Activity -> Among the records that follow, set down only the lines from the one containing "jwaaq boy striped" to the one containing "Prom Dress Inspiration: Celebrity", both included, exactly.

Supplied material ->
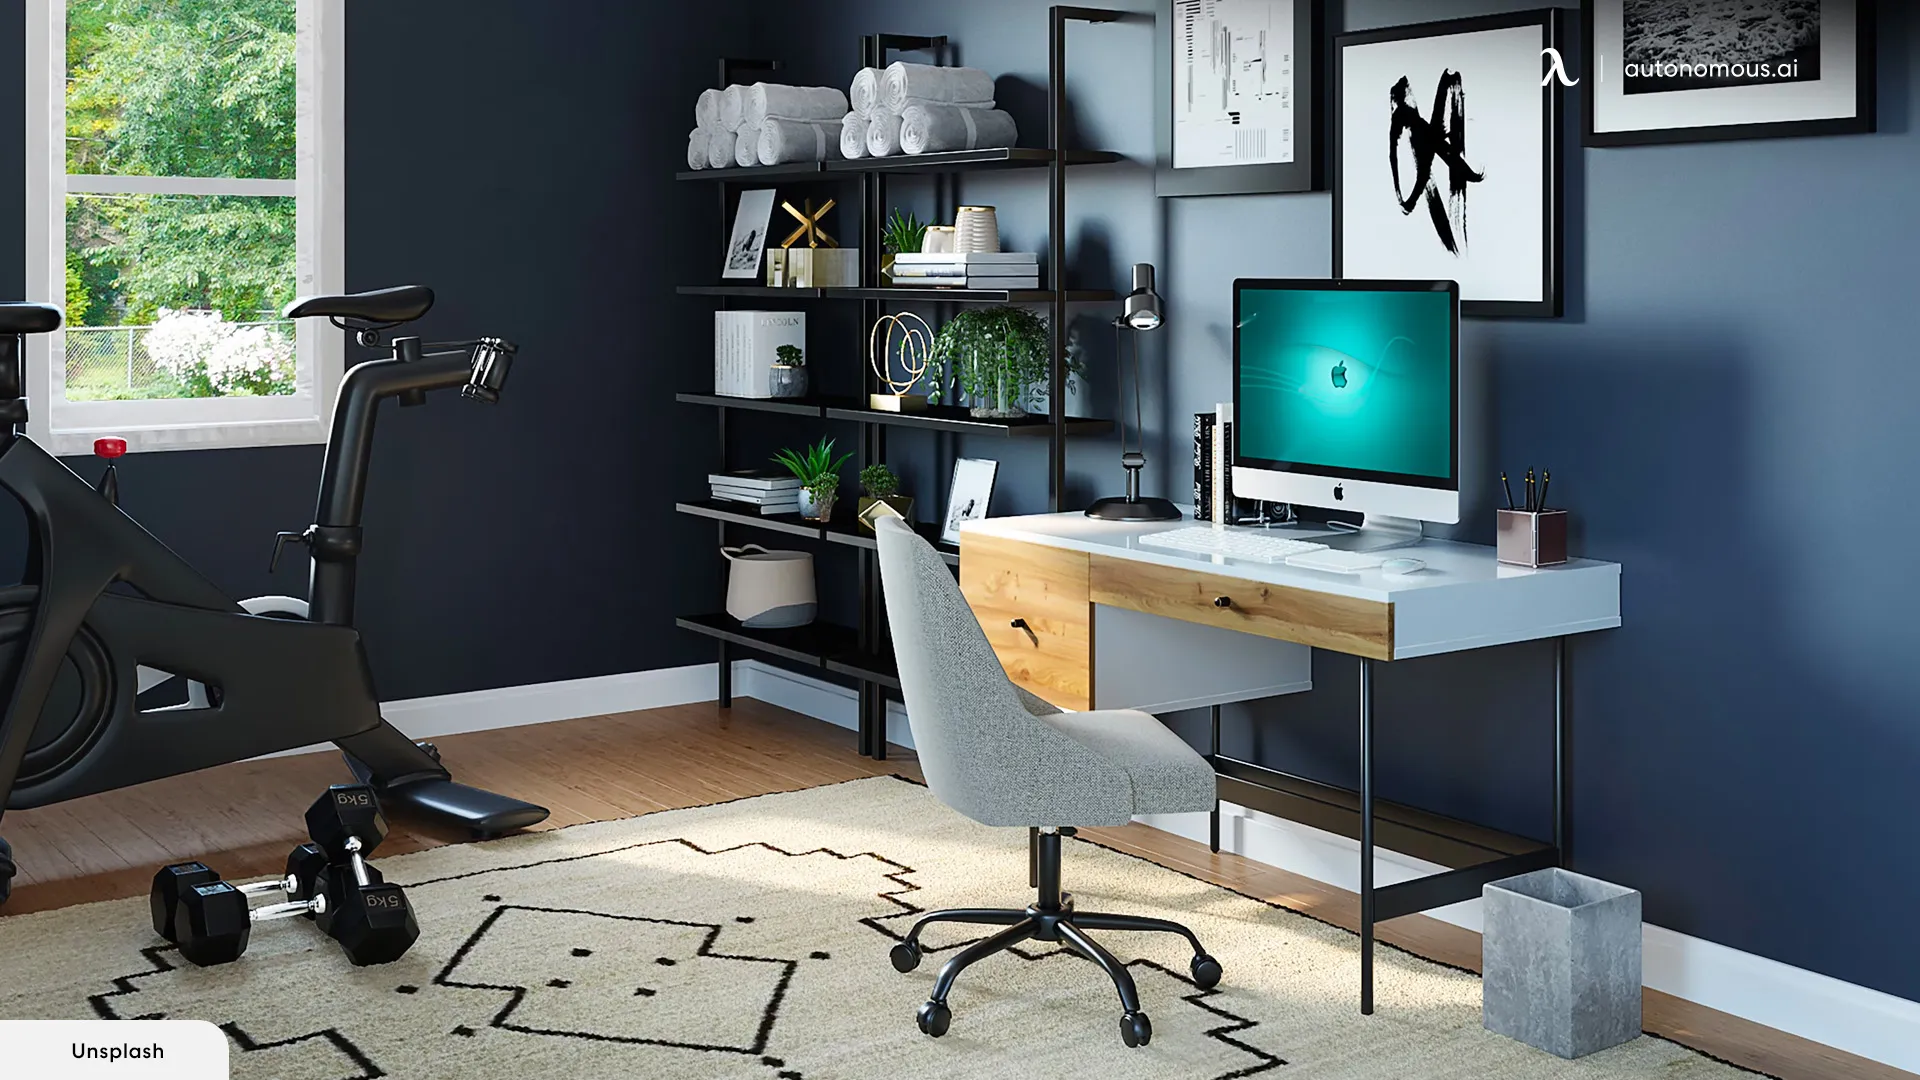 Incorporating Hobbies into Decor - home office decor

...

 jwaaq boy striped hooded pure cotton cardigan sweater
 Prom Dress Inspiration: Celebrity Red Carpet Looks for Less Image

==

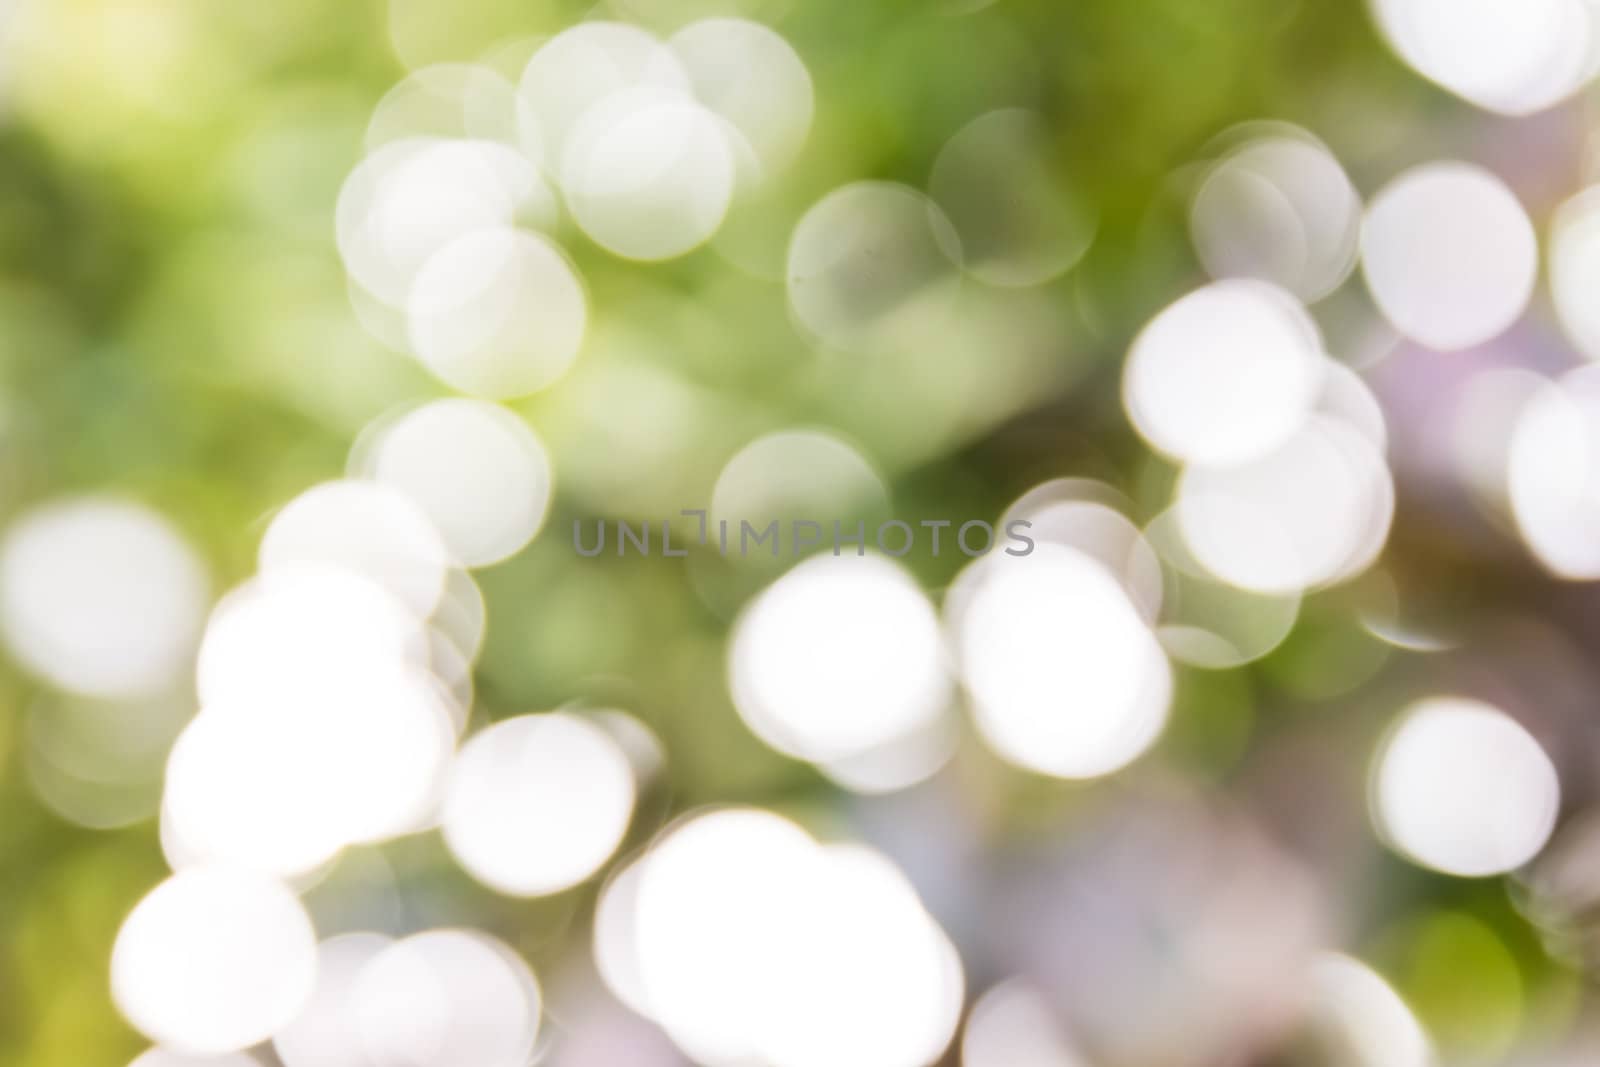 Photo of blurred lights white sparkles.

Task answer ->
 jwaaq boy striped hooded pure cotton cardigan sweater
 Prom Dress Inspiration: Celebrity Red Carpet Looks for Less Image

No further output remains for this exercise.